The optical and electronic transport properties of bismuth telluride (Bi₂Te₃) nanoplates were determined using infrared spectroscopy measurements combined with first-principles calculations. The Bi₂Te₃ nanoplates were prepared by solvothermal synthesis and consisted of single-crystalline particles of hexagonal shape, with edge lengths of approximately 1.2 μm and a thickness of less than 30 nm. To determine the optical and electronic transport properties, the nanoplates were aligned on a glass substrate by using a drop-casting method. We prepared two types of nanoplates: a non-annealed sample with high resistance (due to the presence of isolated nanoplates) and an annealed sample with relatively low resistance, due to its connected nanoplates. The bandgap of the nanoplates, evaluated using infrared spectroscopy, was not significantly affected by the connecting process. The direct and indirect bandgaps were estimated to be approximately 0.14 and 0.06 eV, respectively, and were different from the values previously reported for single-crystalline bulk materials.
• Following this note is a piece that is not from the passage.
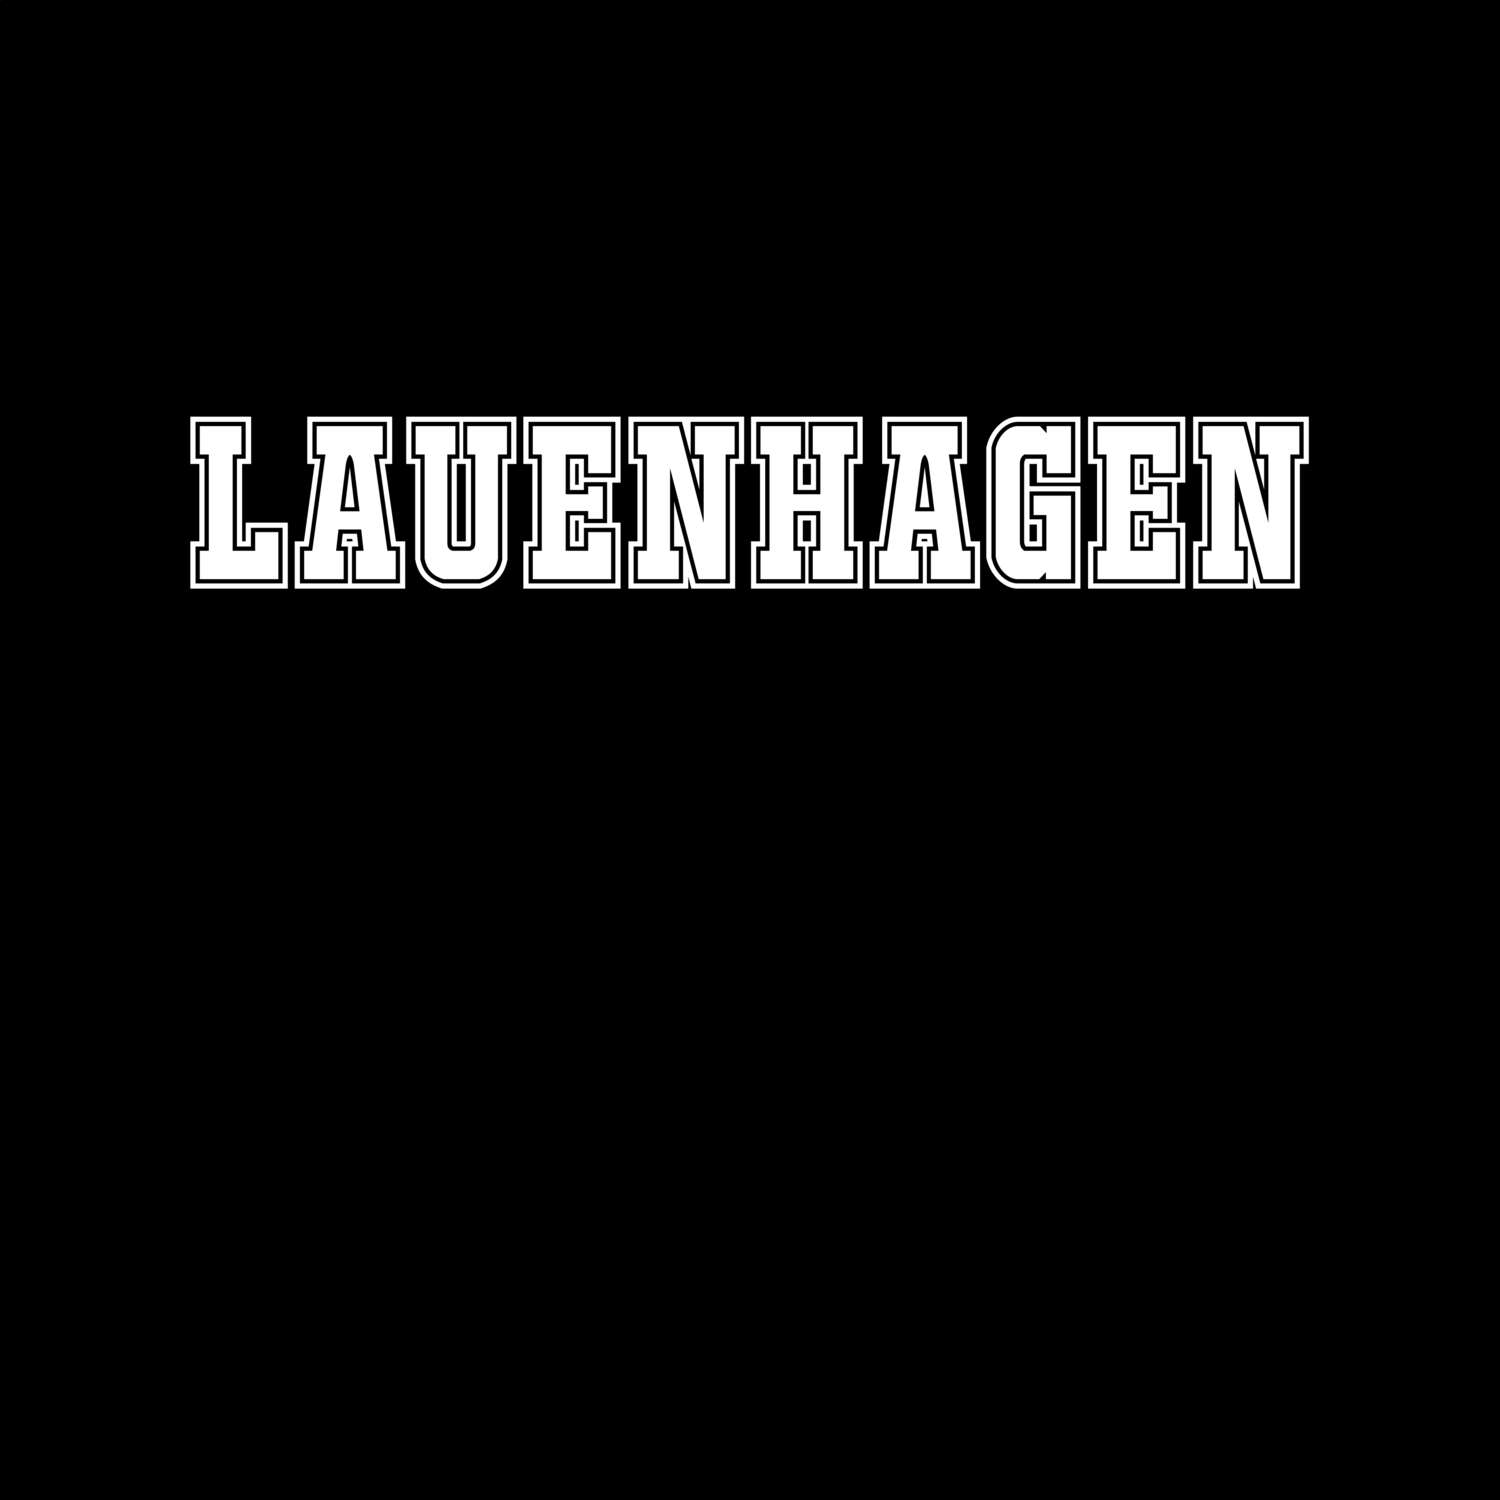 Lauenhagen T-Shirt »Classic«

Although the exact reason for this difference is not clear, we suggest that the structure of the nanoplates might influence the electronic band structure. The electronic transport properties were estimated by infrared spectroscopy using the Drude model, with the effective mass determined from the band structure obtained from first-principles calculations based on density functional theory. The electronic transport properties of the non-annealed nanoplates were essentially the same as those of their annealed counterparts. Therefore, we conclude that the electronic transport properties of nanoplates can be estimated through a combined analysis of different samples, in which the nanoplates are tightly connected or isolated from each other.